I'm sorry, but having seen 3D tellies in the stores for months now, I find it impossible to watch with those daft shutter glasses, its like watching telly through dirty windows and even more unjustifiable given the complete lack of content. 5 pairs of glasses for the family?

(Note, I live in JP and the big stores have been flogging these things for months!)

posted by : bunny, 08 December 2010 Complain about this comment
That exactly matches

my requirements.
While faster everything would be nice - like a wider m25 it will soon be jammed with lousy drivers and wont get you there any quicker.
As for 3d telly - no thanks, I watch telly to relax and that doesn't mean sitting bolt upright like Davros.

posted by : Tom, 08 December 2010 Complain about this comment
Just buy a PVR

Your article mentions the bandwidth limitations of Freeview HD and the eventual limit of Sky HD but can you imagine the problems if everybody was watching on demand TV via the internet. Currently you have the bandwidth contention issue so the lucky few who have fast broadband may find on-demand TV will only play well when few others are using it for on-demand TV (or web browsing/game playing).
To fix this you will end up spending billions getting fibre to peoples homes, more billions to widen the backbone to carry this increase in data, then the TV service provider spending yet more billions on Servers to provide this on demand content.
At the end of this you will have a fast broadband connection but with so much data going to and fro will it seem that much faster.

Why not just use a personal video recorder to record the main stay of TV programs you want to watch. Then TV content providers could do like Sky does with it's movies and repeat them say one week and then one month later (maybe overnight) so you have a chance to record and watch them.

posted by : Conner, 07 December 2010 Complain about this comment
not convinced

I would love to have cable, cept of course my house is 2 doors in the wrong direction and cant get it.

I would love to have high speed ADSL, after all im only a couple of K from the exchange following the line of the cable and not as the crow flies...but i cant, 2Mbps is the best i can muster and BT wont find out why its not working fast because apparently i have broadband and should be greatful, pointing out that every house around me has a better connection doesnt cut the mustard.
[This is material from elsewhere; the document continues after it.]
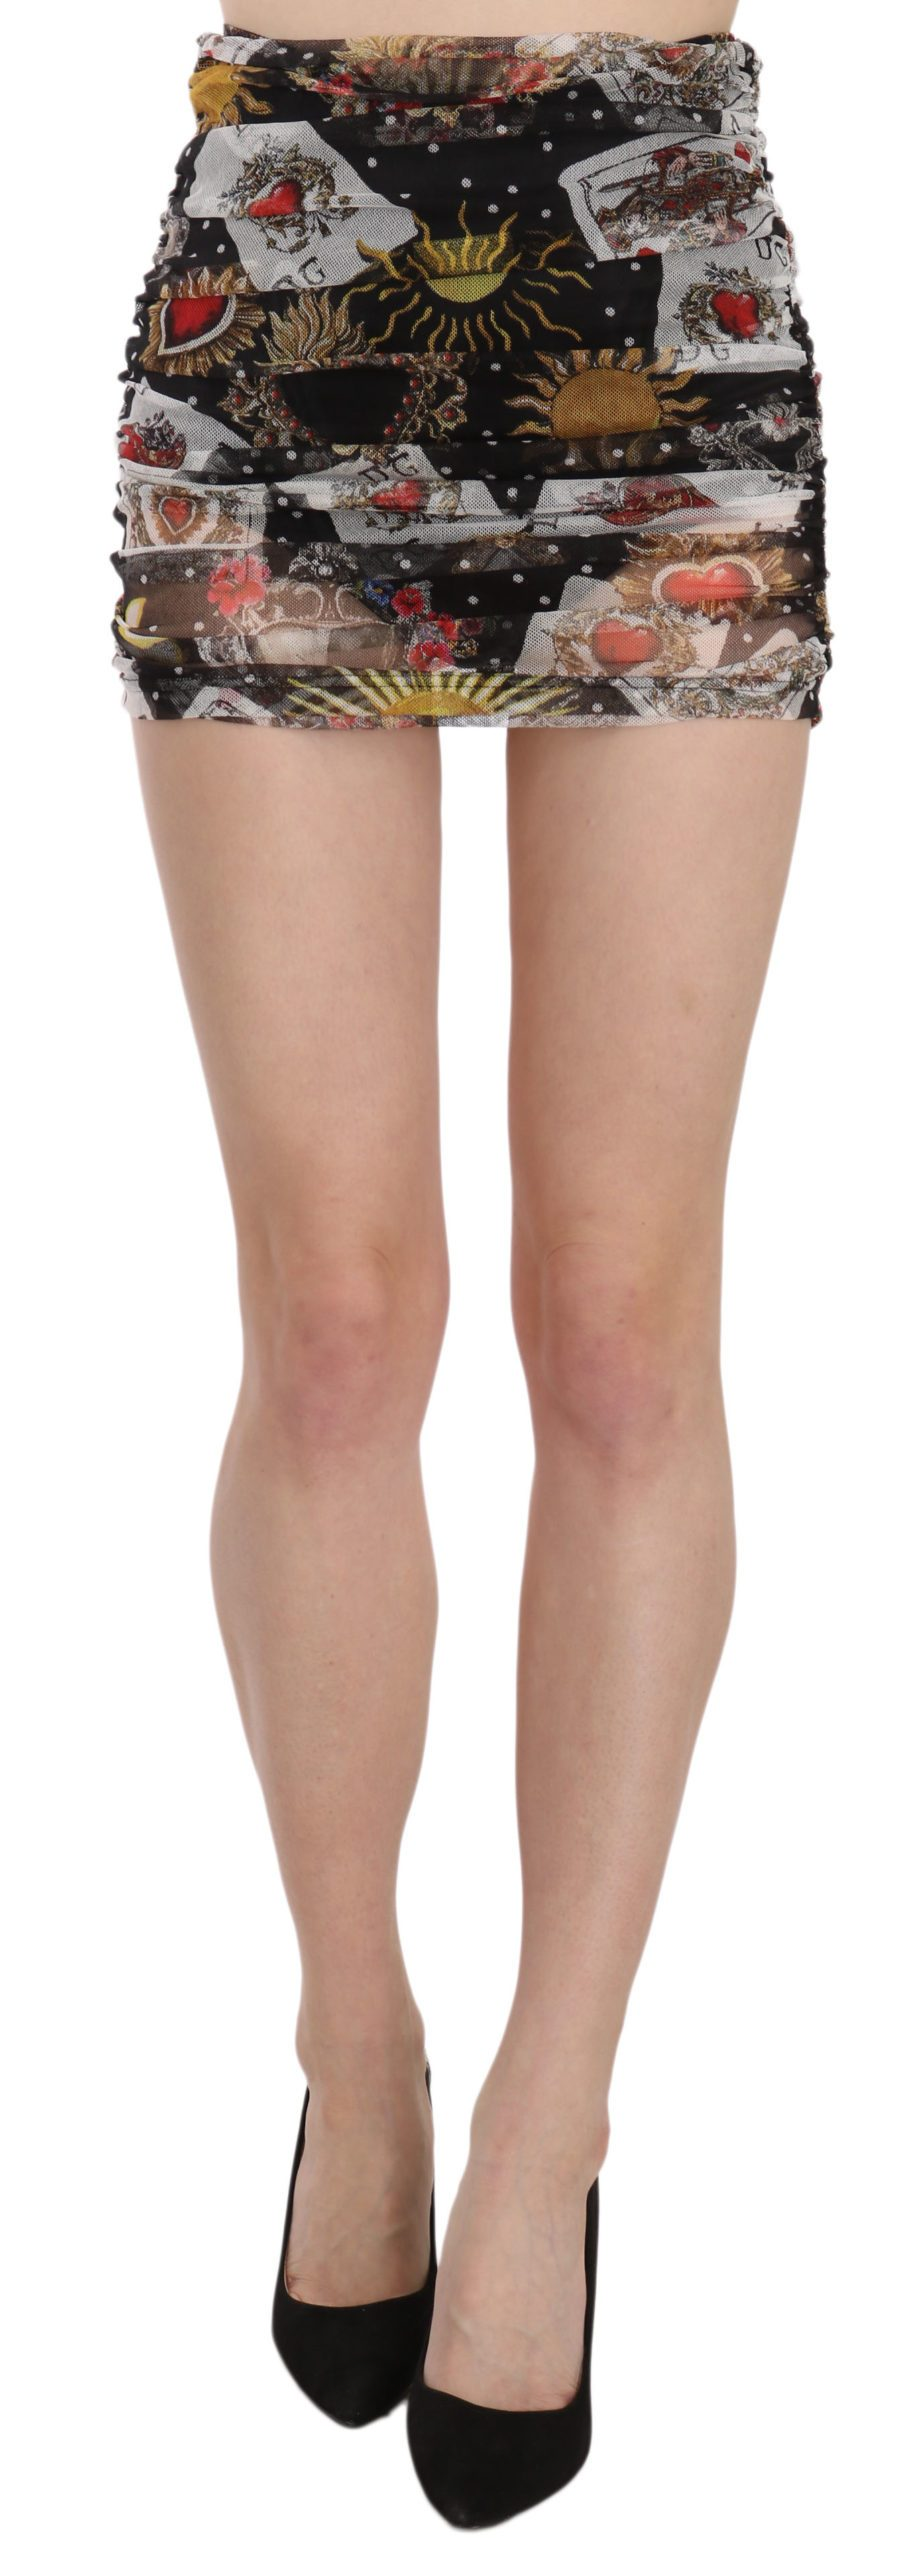 Dolce & Gabbana Women's Deck Of Cards Micro Skirt Black SKI1328 - IT40 S

Nope, BT needs a firm kick up the arse as to what they define as exceptable, and with FTTC and FTTP i dont hold much faith that it will ever work as stated or at least be with us this decade.

OFCOM this is simple, force ISPs to report average speeds per exchange rather than max speeds if you live next door, OFCOM, force BT to investigate if a property is geting significantly less than what should be available in that property.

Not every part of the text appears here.